НЧ.: Любители олдскульного стиля?

Р.: Если хотите. Кстати, что вы понимаете под олдскульным стилем? Умение проанализировать информацию и сделать собственные выводы, а не только поделиться ею с читателем? Навык работы в сложных жанрах вроде очерка или аналитической статьи, а не только новости с парой поспешных комментариев? Позволить собеседнику в интервью не просто реагировать на вопросы из гайда, но и дать ему возможность мыслить? Умение погружать в исторический контекст самый горячий информповод? Если это приметы олдскульного стиля, то мы стараемся ему соответствовать.

НЧ.: Вы перечислили признаки так называемых качественных СМИ, а они сейчас в глубоком кризисе, аудитория ветренна и жестока — она вынесла свой приговор: белый шум и дешевый контент торжествуют, а сложные редакционные машины едут на медиапомойку. У нас ведь общество потребления, если вы не слышали, а его проще совратить, чем убедить рациональными аргументами. Поэтому рассуждения губительны, залог успеха — сенсация, эмоция, скорость, остальное в пользу бедных, пусть и умных. Тем более если речь идет о качественных СМИ, пишущих о науке и инновациях, это самый уязвимый сектор, поскольку требует от расслабленного и рассеянного читателя рациональных усилий par excellence. Наука и техника сегодня мало интересуют общество. Видел недавно статистику, свидетельствующую, что в англосаксонских странах количество отделов науки в газетах сократилось за несколько лет в несколько раз. 

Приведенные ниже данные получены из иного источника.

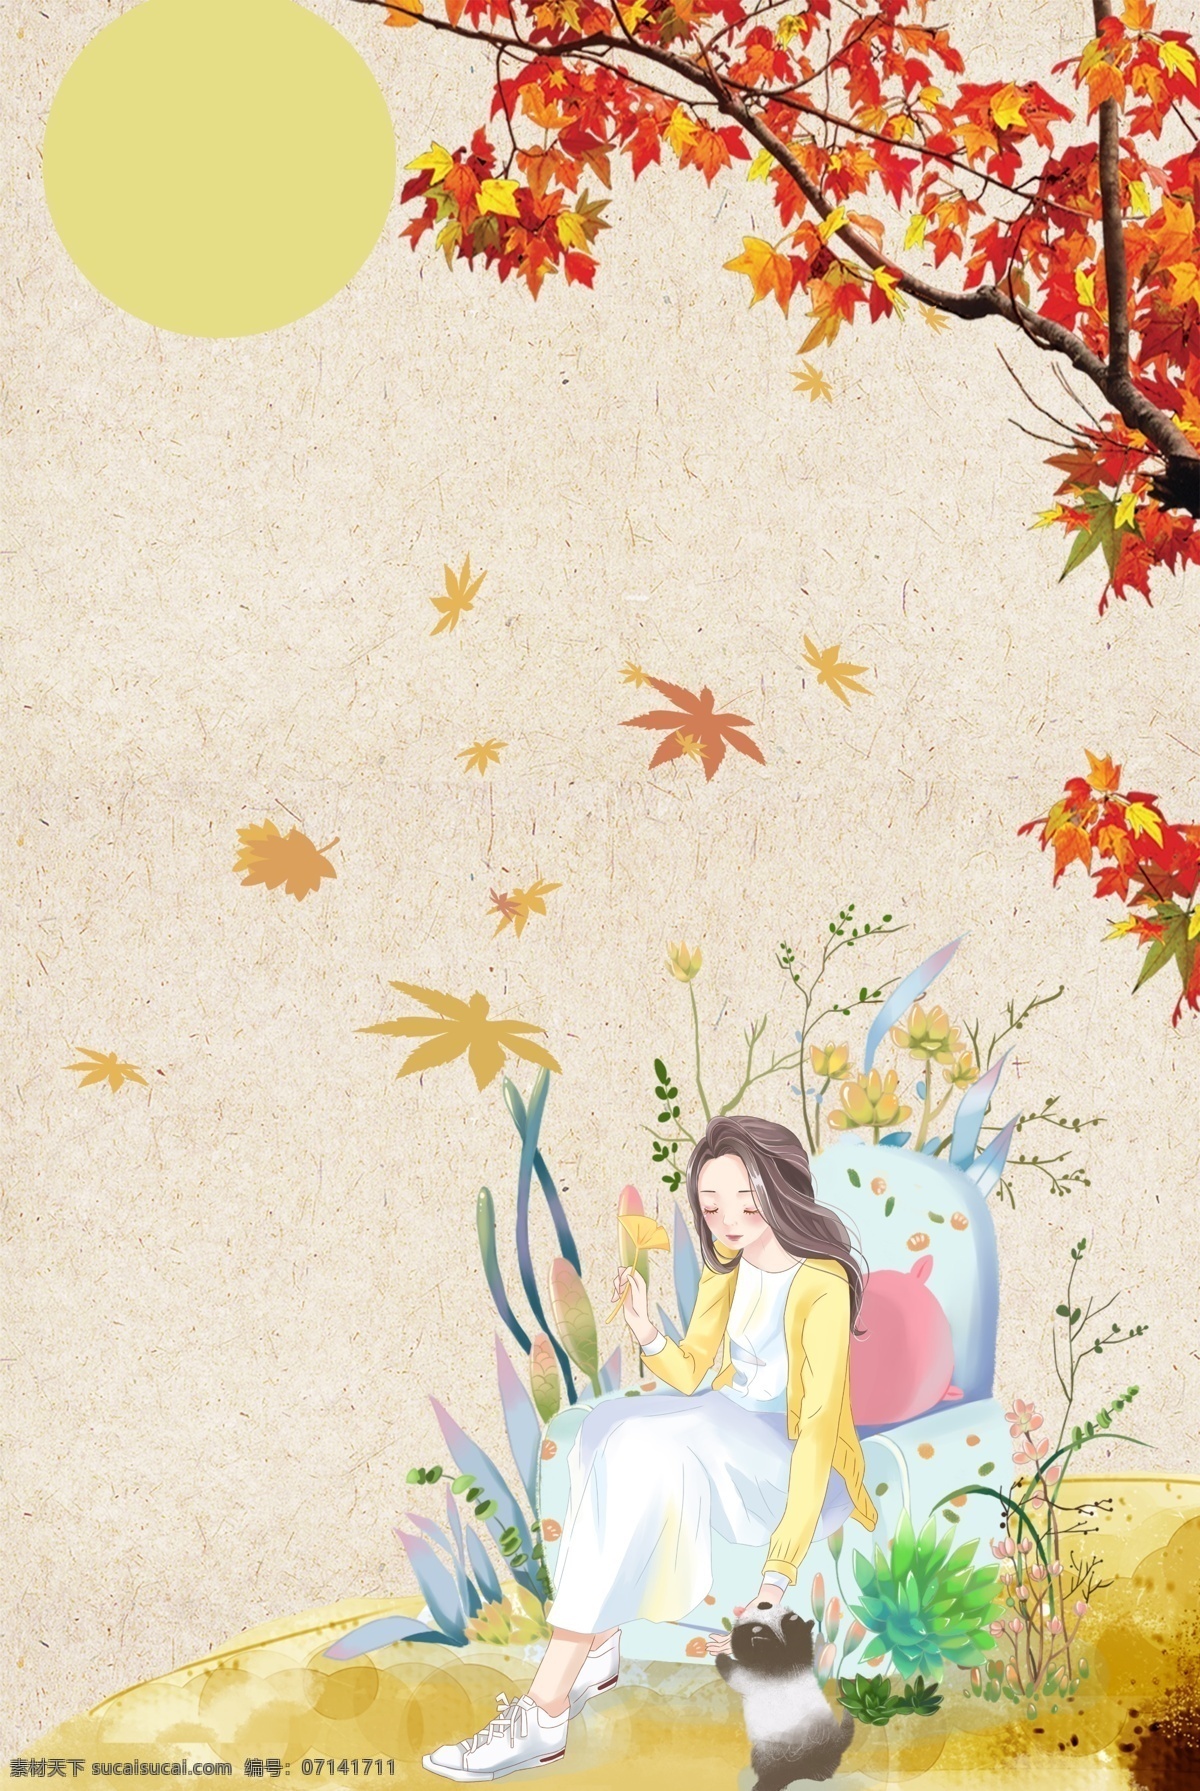 彩色 枫叶 植物 背景 装饰 可爱 小清新 换季

Р.: Я бы все-таки не торопился с выводами. Качественные СМИ находятся в поисках новой модели, белый шум как раз и спровоцировал раздражение части аудитории, я видел статистику, что, скажем, число платных подписчиков в интернете на респектабельные издания растет, и уверен, что сегмент качественной, профессионально отфильтрованной и, главное, осмысленной информации будет укрепляться и расти — или вам кажется. что в обозначении нашего биологического вида второе слово вдруг стало лишним? Но вы затронули более близкую мне тему — наука, техника, инновации в медиа, даже шире — в общественной коммуникации. Когда, по-вашему, современная наука и инновационный процесс начали становиться культурным, социальным и экономическим феноменом?

НЧ.: Семнадцатый век? Опять вы в глубь веков нырнуть норовите…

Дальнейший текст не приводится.